Lungren, who is keeping the race a gentlemanly affair, also lacks a clear issue like George H.W. Bush’s 1990 tax increase with which to differentiate himself from the current leadership. Boehner called the $700 billion Wall Street bailout a “crap sandwich” but urged Republicans to eat it anyway. Lungren was one of the happy diners, who still defends it as a “financial rescue” and is critical only of the way Republicans talked about the vote. Lungren is an eloquent opponent of the automobile industry bailout, but when a reporter repeatedly asked him how the first bailout would complicate the case against the second he could only argue that what Republican leaders did “was not precedential.”
While Boehner was passing No Child Left Behind, Lungren wasn’t in Congress. He was back in California while Boehner was voting for the Medicare prescription drug benefit. (Lungren’s spokesman said he would get back to me on both of these issues.) While Lungren’s position on earmarks is sensible — he favors transparency and opposes earmarks that don’t have a legitimate federal purpose — it isn’t noticeably to the right of Boehner’s.
Instead Lungren emphasizes messaging and procedural differences with the current leader. He wants to “throw out the regular rules and have at least three hours devoted to debate about who the next leader should be.” He is critical of Republicans for trying to co-opt the Democrats — and the makers of the antidepressant Effexor — by adopting the “Change You Deserve” slogan. Both are perfectly reasonable stances, but neither seems like much of a rallying cry for the right.

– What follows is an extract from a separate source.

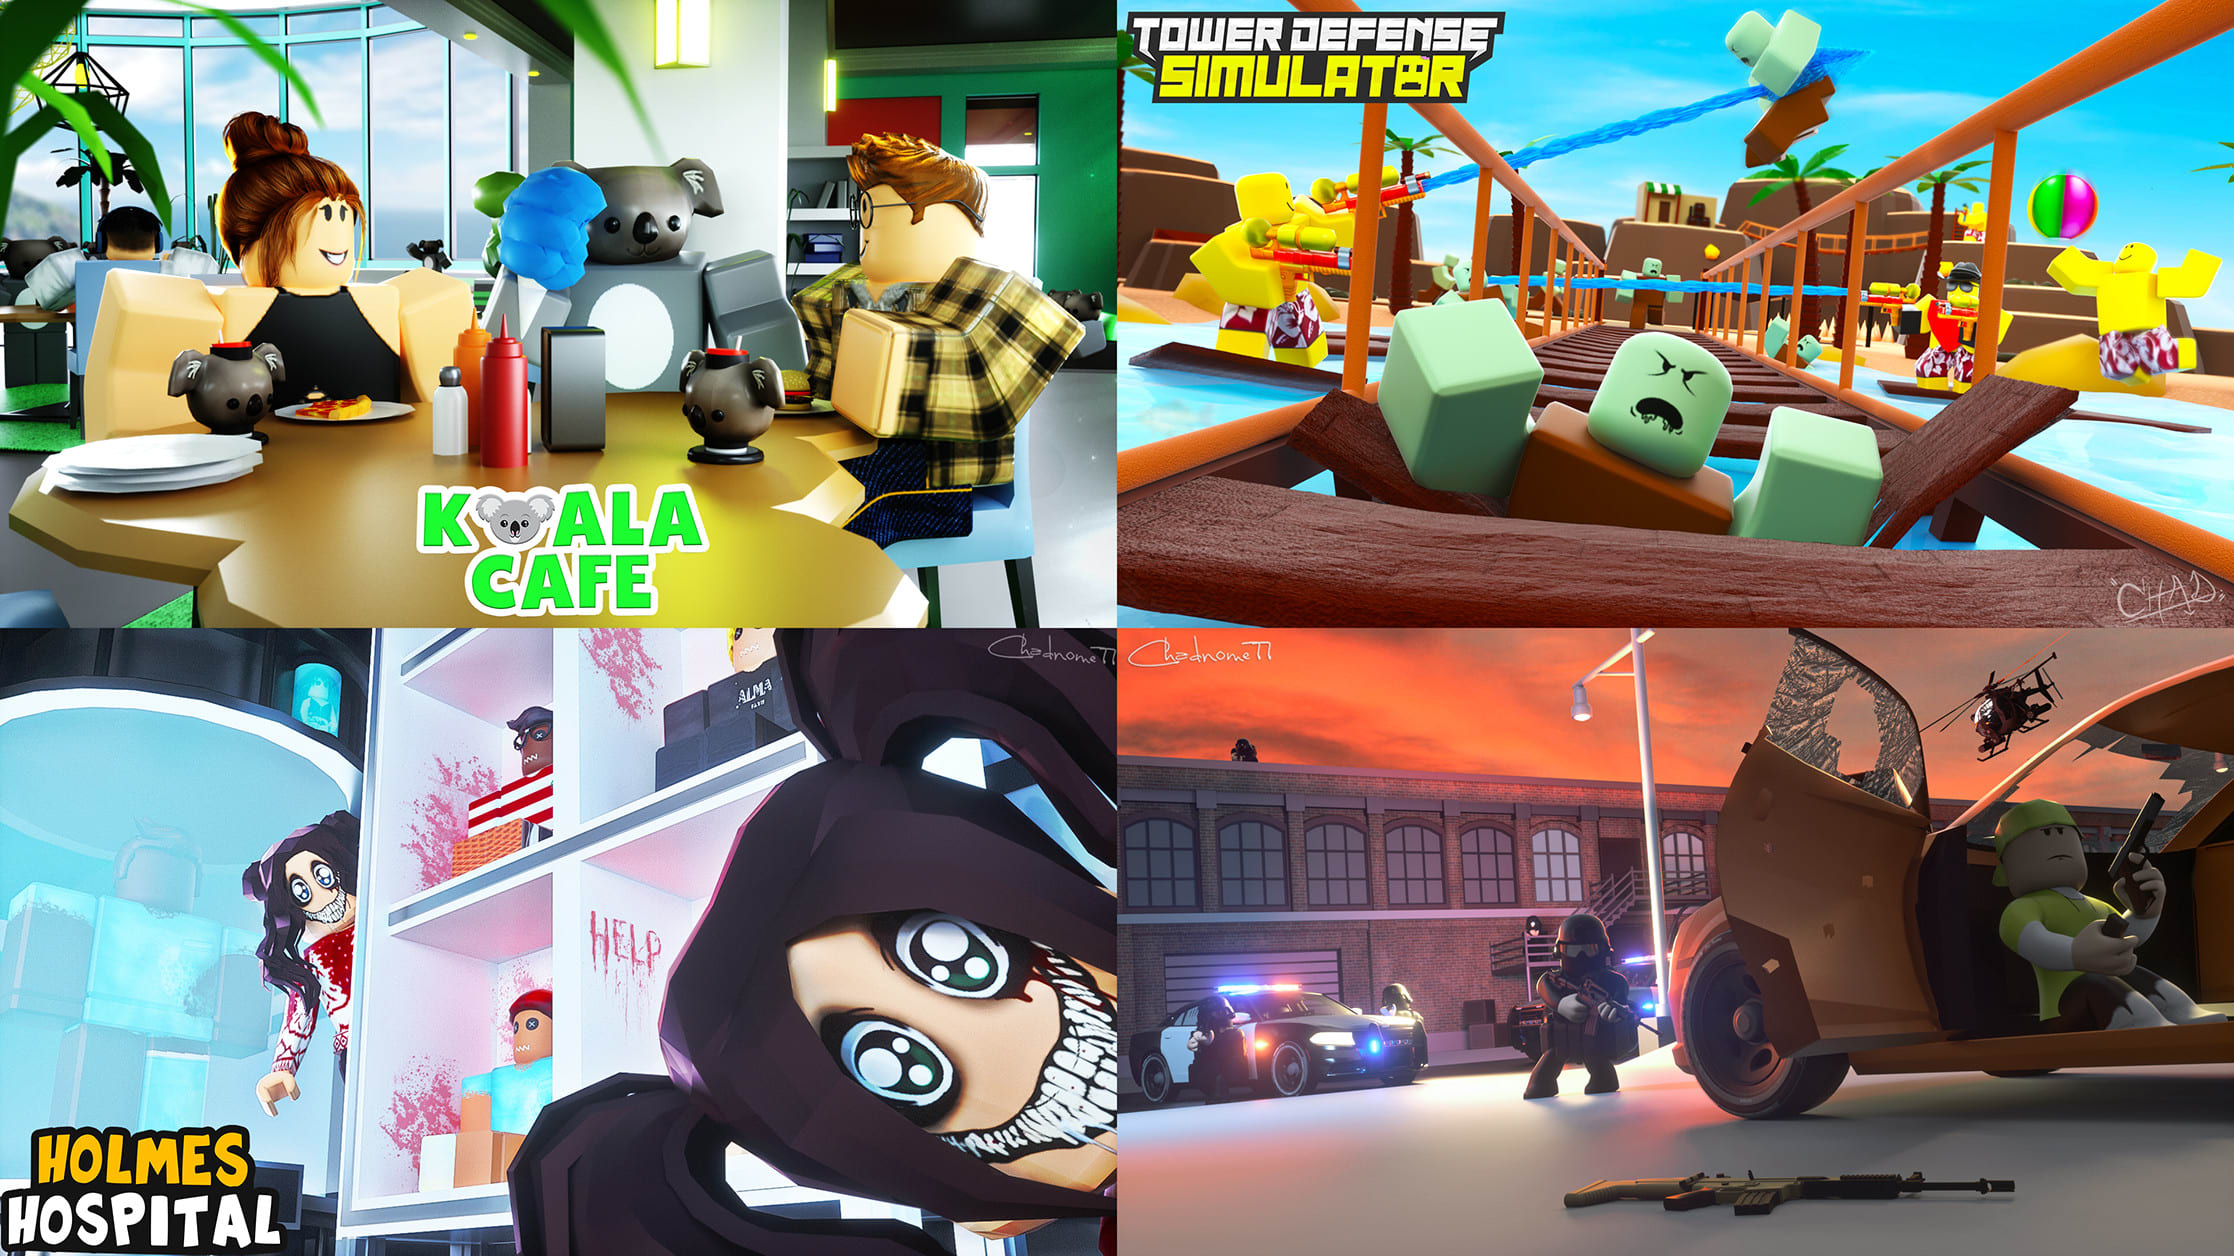 Make You High Quality Gfx For Your Game Or Group By Chadnome77 - roblox koala cafe application

Nevertheless, Lungren can still make this case: He was in Congress when conservatives led the Republicans out of the wilderness. Boehner has presided over their return to minority status. The argument against rewarding failure didn’t take after the 2006 elections, when Boehner crushed Mike Pence 168 to 27 (with one of those Boehner votes coming from Lungren). It may not prevail this time, since there is no guarantee Lungren will have even Pence’s vote. But eventually, some Republican somewhere in the conference will grow tired of losing. That Republican will end up backing Lungren’s challenge to the existing leadership — or mounting the next one.